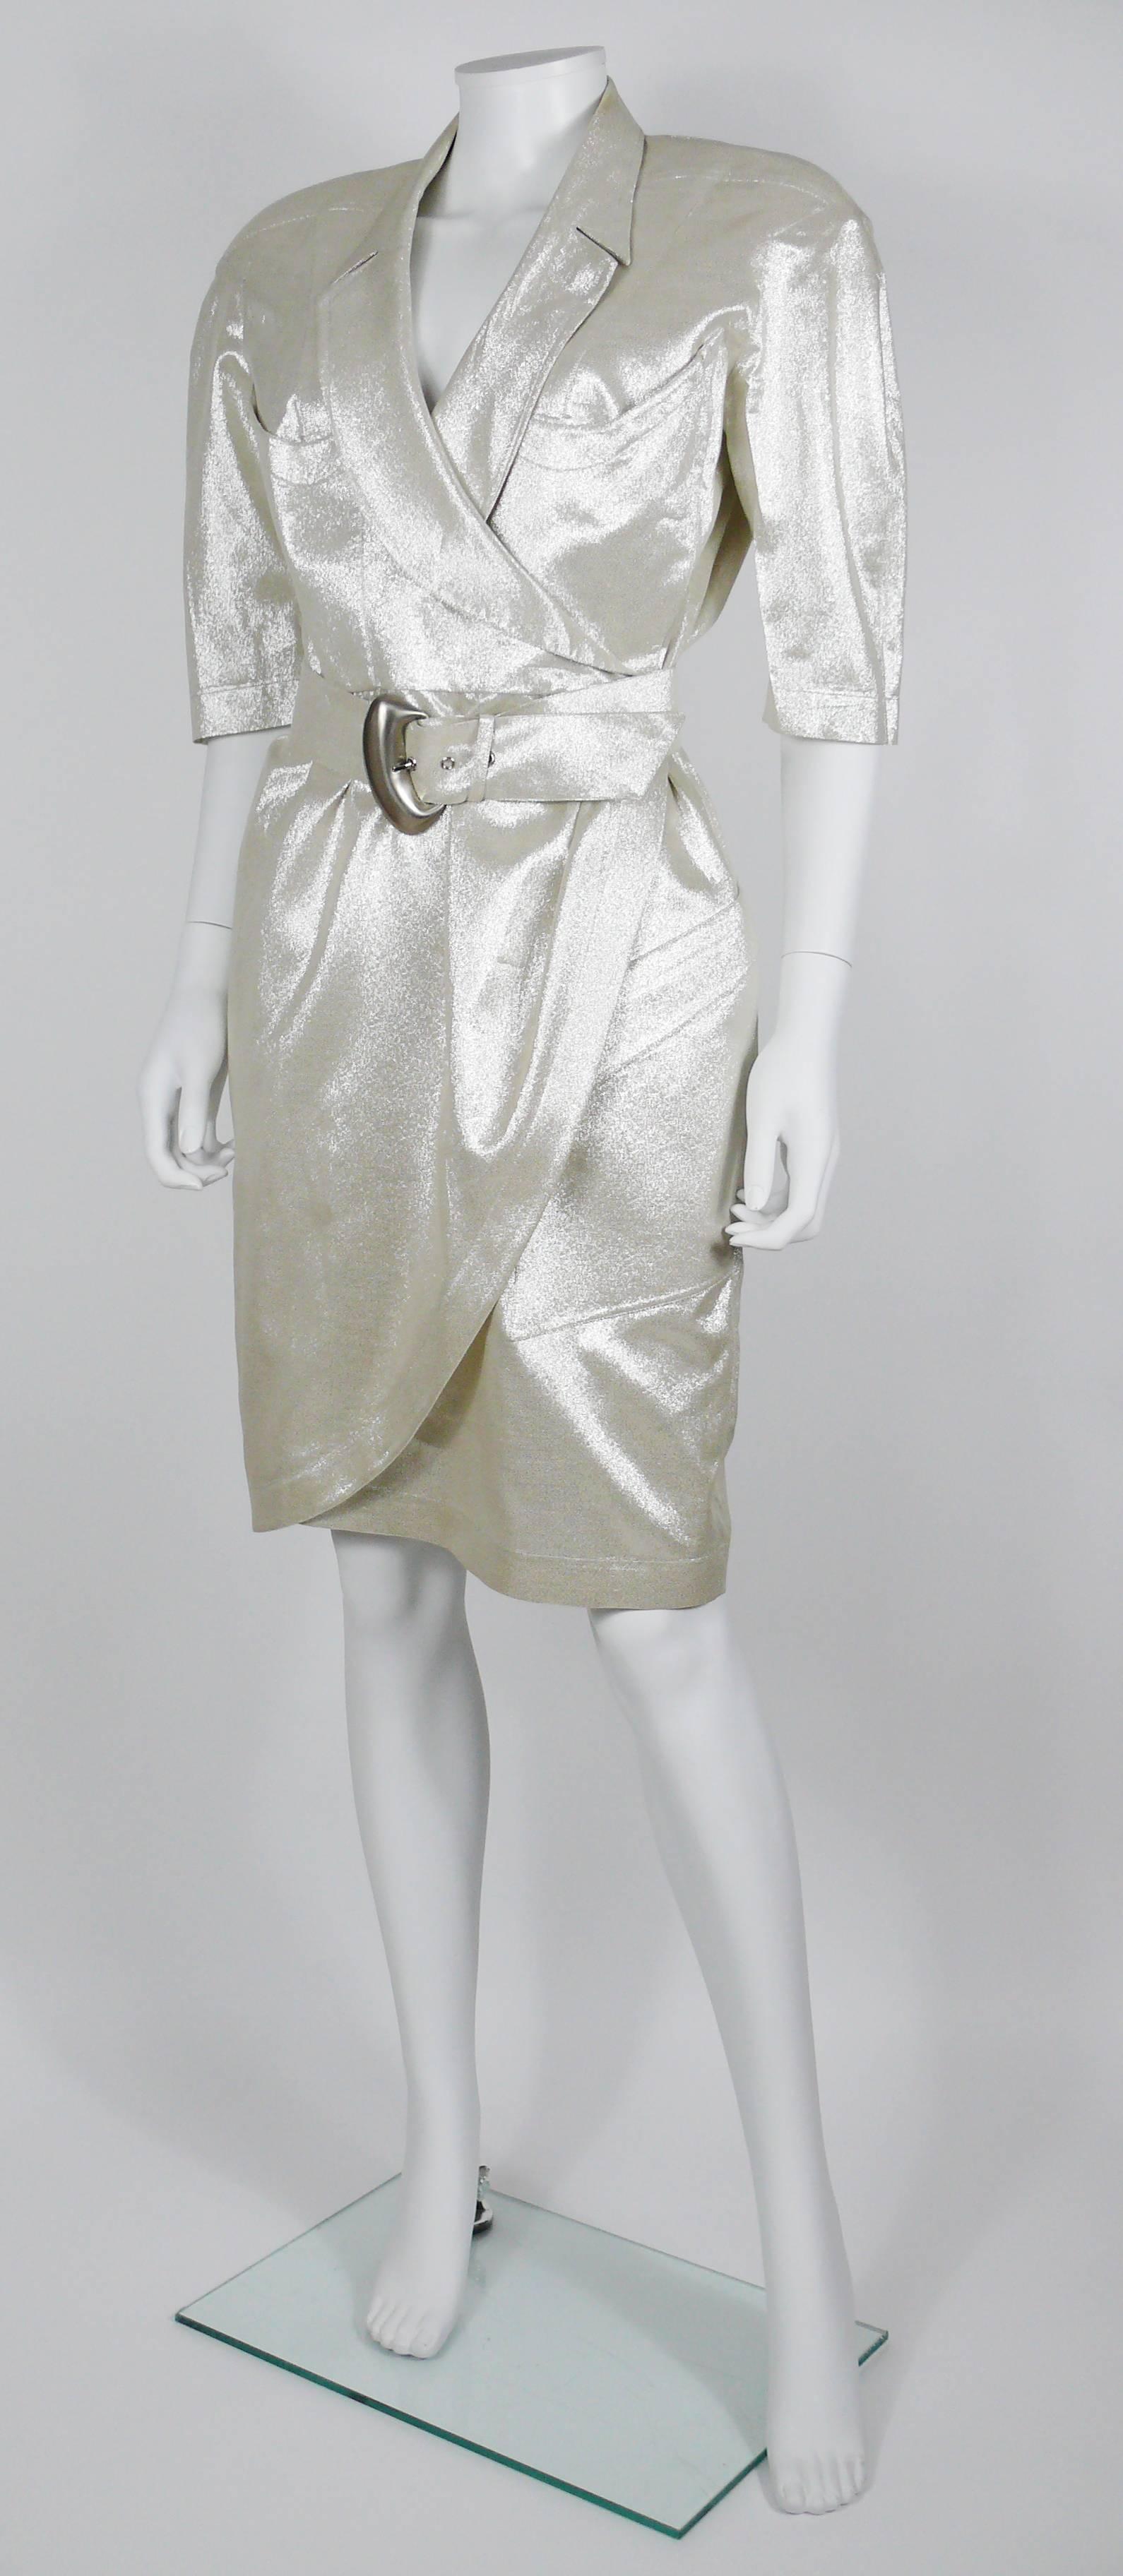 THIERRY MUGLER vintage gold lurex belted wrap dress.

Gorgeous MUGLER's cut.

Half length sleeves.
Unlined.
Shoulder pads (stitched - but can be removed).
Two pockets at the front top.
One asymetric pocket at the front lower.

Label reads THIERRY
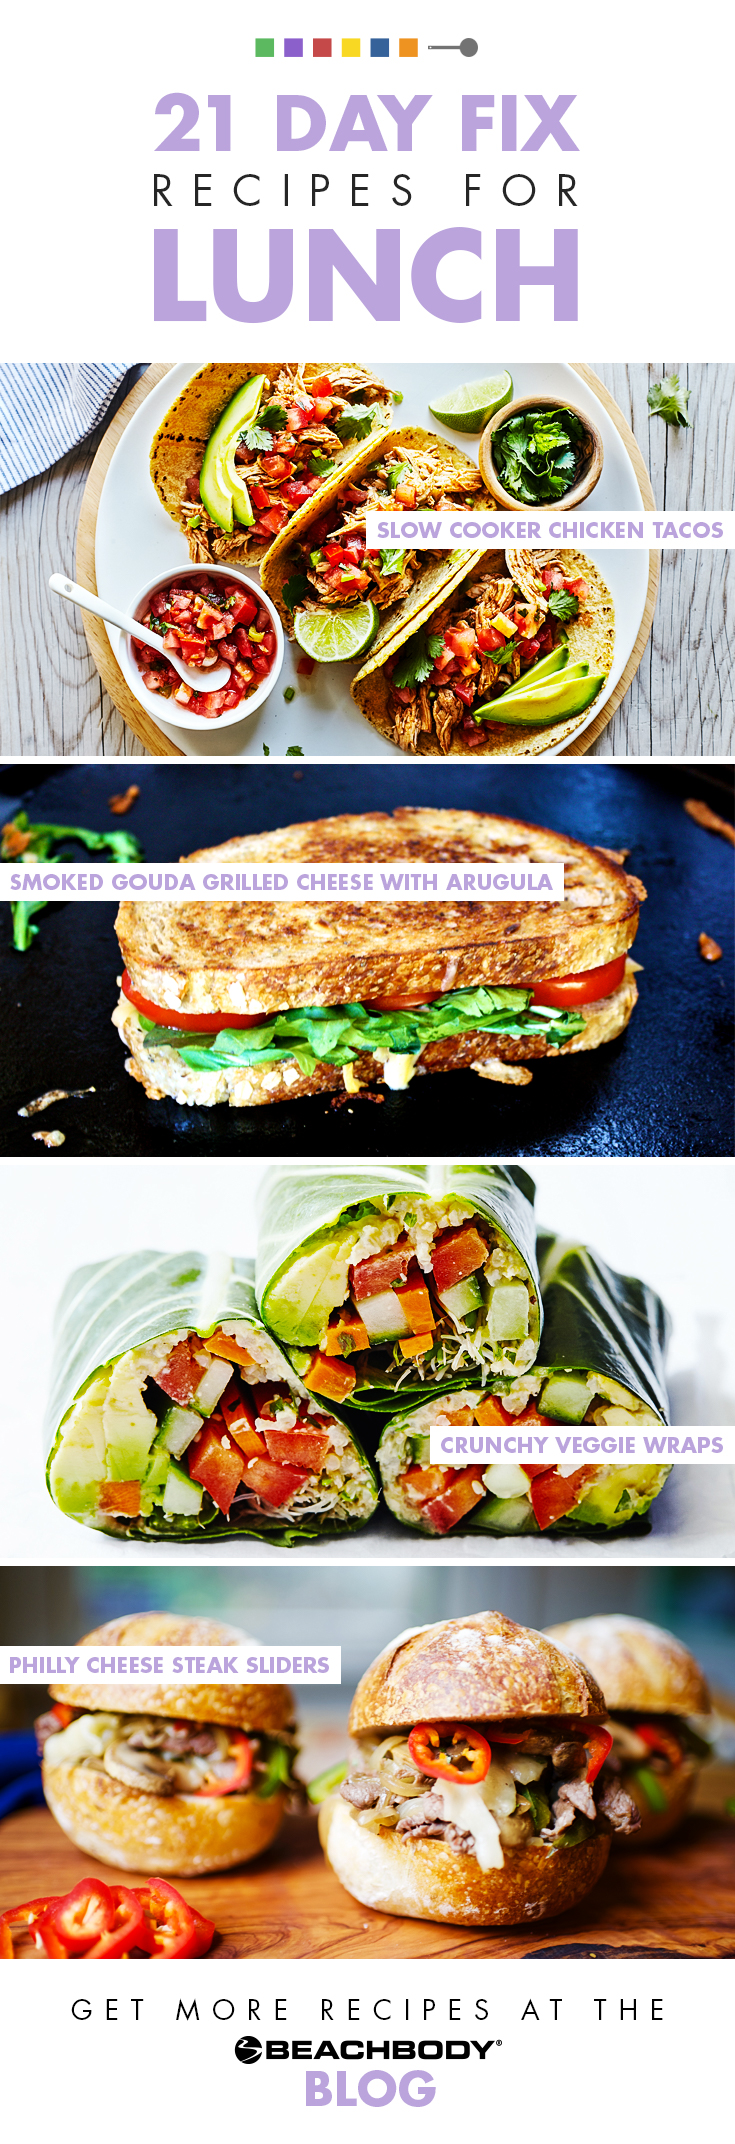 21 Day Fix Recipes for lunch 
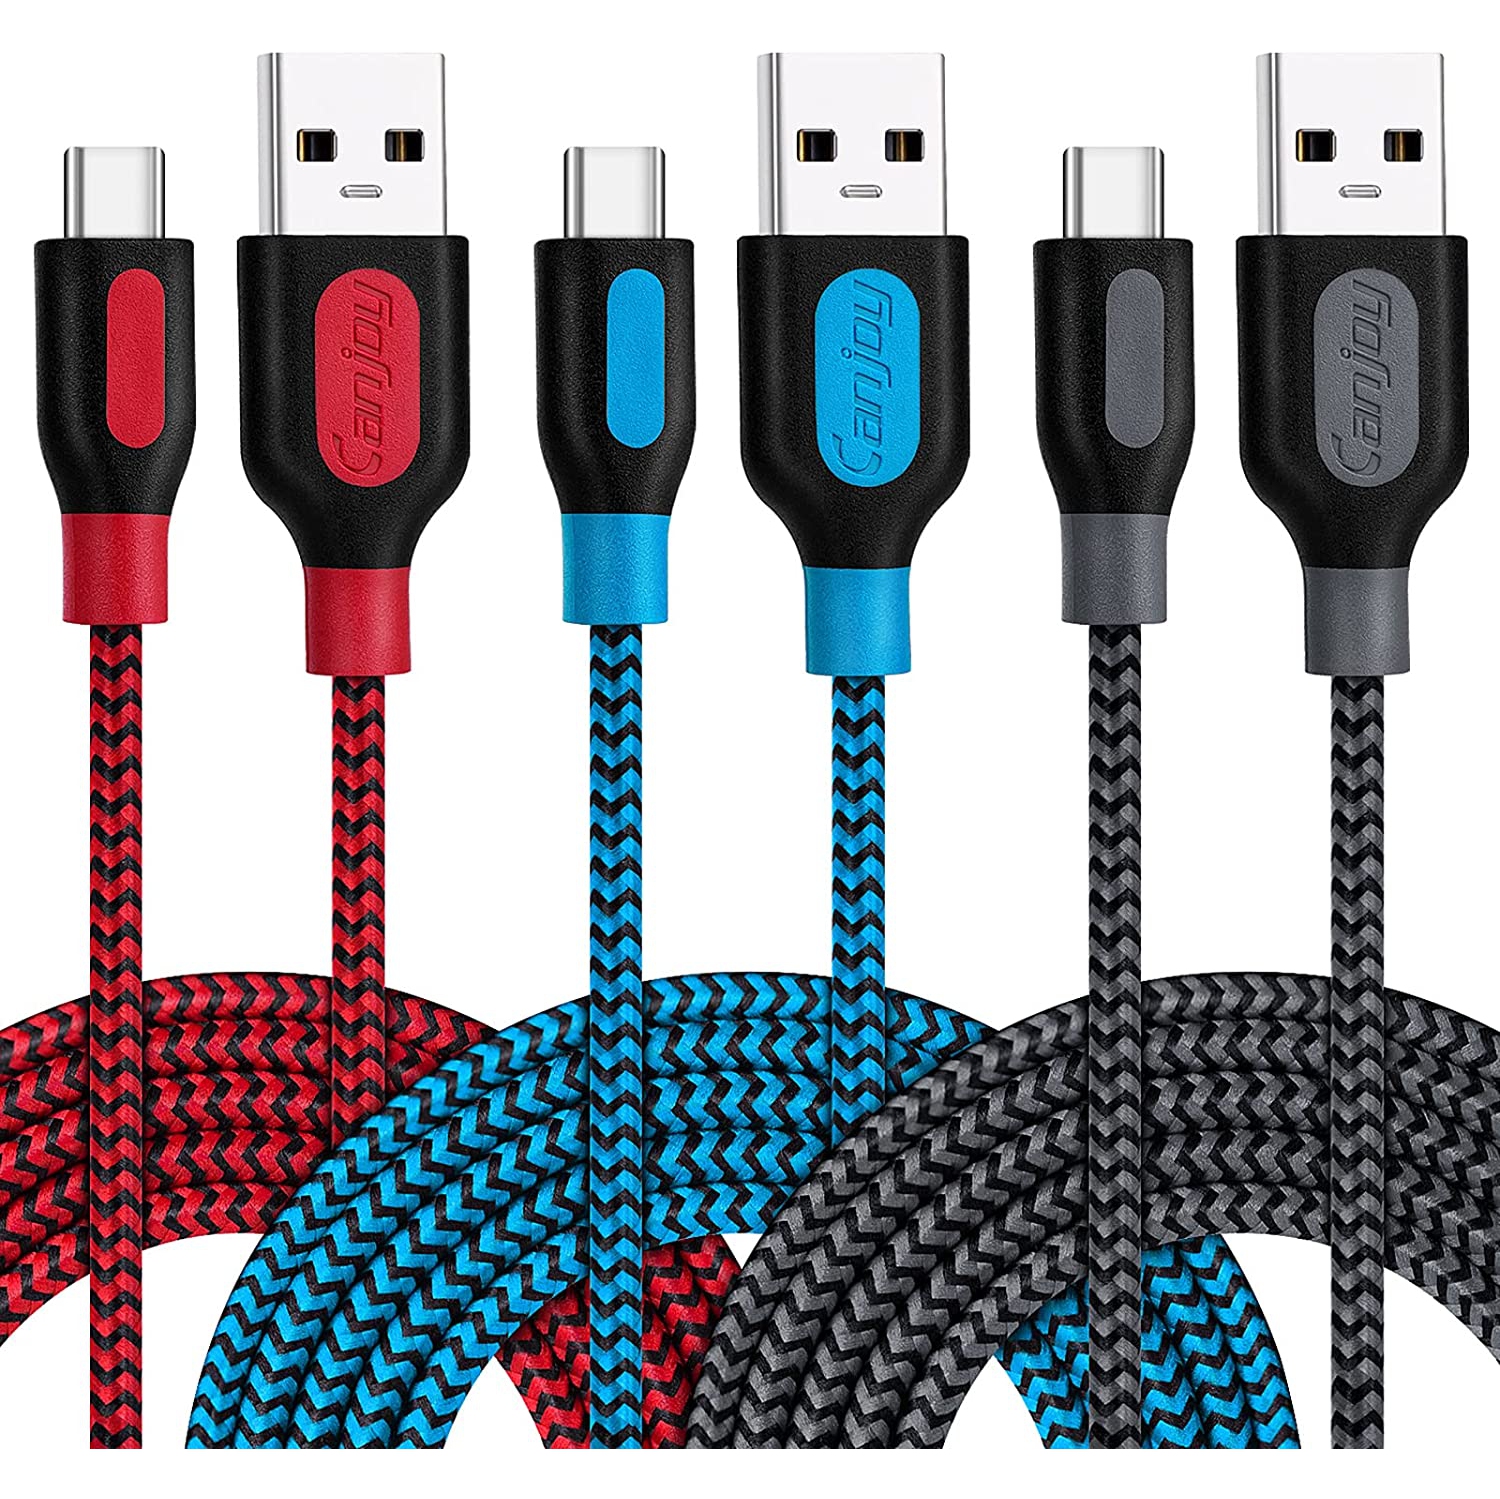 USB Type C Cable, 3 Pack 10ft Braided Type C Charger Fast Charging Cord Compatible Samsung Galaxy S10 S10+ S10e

++++

> _What to work on_: Could you output every entry exactly as written, skipping the pictures?

> _Task output_:
 THIERRY MUGLER vintage gold lurex belted wrap dress.

Gorgeous MUGLER's cut.

Half length sleeves.
Unlined.
Shoulder pads (stitched - but can be removed).
Two pockets at the front top.
One asymetric pocket at the front lower.

Label reads THIERRY
 21 Day Fix Recipes for lunch 
 USB Type C Cable, 3 Pack 10ft Braided Type C Charger Fast Charging Cord Compatible Samsung Galaxy S10 S10+ S10e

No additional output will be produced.